Figure 1(b) shows the schematic of the holographic microscope setup. The laser (Cobolt) delivers excitation beam with wavelength of 488 nm. Objective lens (4x Olympus) with numerical aperture of 0.16 is used to collect the excited fluorescence. A band-pass filter (520/10 nm, Semrock) with central wavelength of 520 nm and bandwidth of 10 nm is selected. The raw images are recorded by an sCMOS camera (Flash 4.0 Hamamatsu) with a pixel pitch of 6.5µm. To capture the hologram of fluorescence, we introduce a subunit in front of the camera which can be easily embedded in a fluorescence microscope. The subunit consists of an SLM (GAEA-2, Holoeye), two polarizers and a beam splitter. The SLM separates the incident fluorescence into two spherical waves by the fast and slow axis phase modulation of the liquid crystal, which propagates forward with different radius of curvature, respectively. The focal length of tube lens is 200 mm. And the Fresnel lens loaded on SLM can adjust the focal length freely. We set it as 330 mm in our experiments. The two beams interfere at the imaging plane and the generated hologram will be recorded. The scheme of fluorescence hologram generation can be seen in Fig. 1(C) Two polarizer are added in the light path to improve the coherent contrast of the hologram. To get the best reconstructed images, the difference between polarization directions of the input/output polarizers and the active axis of SLM was set within 45° to 60°, as suggested by previous research [32]. And in our system, we set them are both 45° with x direction in Fig. 1(b). It is worthy to mention that when we acquire the wide field images, we set the SLM as black screen. At this time, the SLM can be regarded as a mirror and the whole system can be regarded as a wide field microscope. Therefore, only one image will be acquired.

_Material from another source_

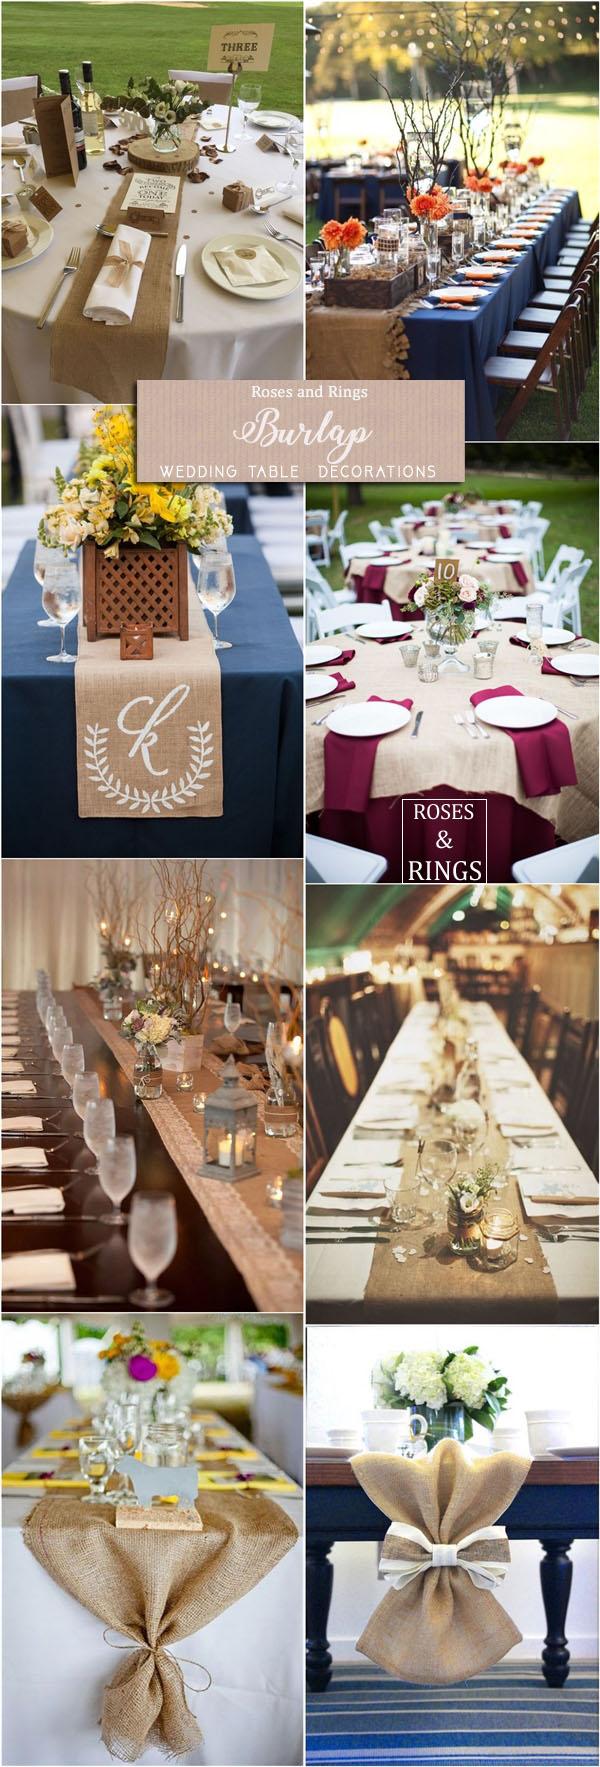 36 amazing rustic country burlap wedding decor ideas roses rings burlap wedding table decor ideas junglespirit Images

Fig. 1. Schematic and principle of DDFHM (a) Comparison of DoF between traditional wide field microscope and DDFHM. (b) The DDFHM is based on a fluorescence microscopy with a SLM and two polarizers. The active axis of the SLM is parallel with x direction, and the input polarizer and output polarizer are both 45 degree with x direction, respectively. (c) The fluorescence signal from defocus plane incidents into the SLM and is divided into two different radius spherical waves.

Download Full Size | PDF

3. Large DoF hologram reconstruction methods

3.1 Hologram reconstruction using Auto-ASP

After the data acquisition, the hologram is preliminary reconstructed by Auto-ASP method. Information from different axial depths is reconstructed to recover the in-focus images. The specific expression of angular spectrum propagation can be expressed as follows:

(4)$${E_f}({x,y,z} )= C\mathop {\smallint\!\!\!\smallint }\nolimits_{{k_x},{k_y}} {E_{defocus}}({{k_x},{k_y}} )\frac{1}{{{k_z}}}{e^{j({{k_x}x + {k_y}y + {k_z}z} )}}d{k_x}d{k_y}$$

(5)$$C = \frac{{jf{e^{ - jkf}}}}{{2\pi }}$$

where x or y is the Cartesian coordinate at the imaging plane, and z is the beam propagation direction, k and f denote wave vector and focal length, respectively. The defocusing positions of different depths in the images belong to unknown parameters that cannot be prior acquired. There are various autofocusing methods have been successfully used to restore hologram images without depth information, including classical autofocusing [33–36] and deep learning autofocusing [37–38]. In our research, we utilize the Auto-ASP for the reconstruction. First, the hologram is reconstructed for each defocus position in a certain range. And then the Tamura coefficient can be calculated by:

(6)$${C_{Tamura}} = \; \sqrt {{\raise0.7ex\hbox{${\sigma \langle{\boldsymbol I}\rangle}$} \!\mathord{\left/ {\vphantom {{\sigma {\boldsymbol I}} \langle{\boldsymbol I}\rangle}} \right.}\!\lower0.7ex\hbox{${\langle\boldsymbol I}\rangle $}}} $$

where $\sigma \langle{\boldsymbol I}\rangle$ and $\langle{\boldsymbol I}\rangle$ represent the image intensity standard deviation and mean, respectively. Finally, the series of Tamura coefficient are recorded as distance information to predicate the reconstruction the real distance z. When we obtain the distance z from Tamura coefficient, we can use ASP method to reconstruct in-focus image.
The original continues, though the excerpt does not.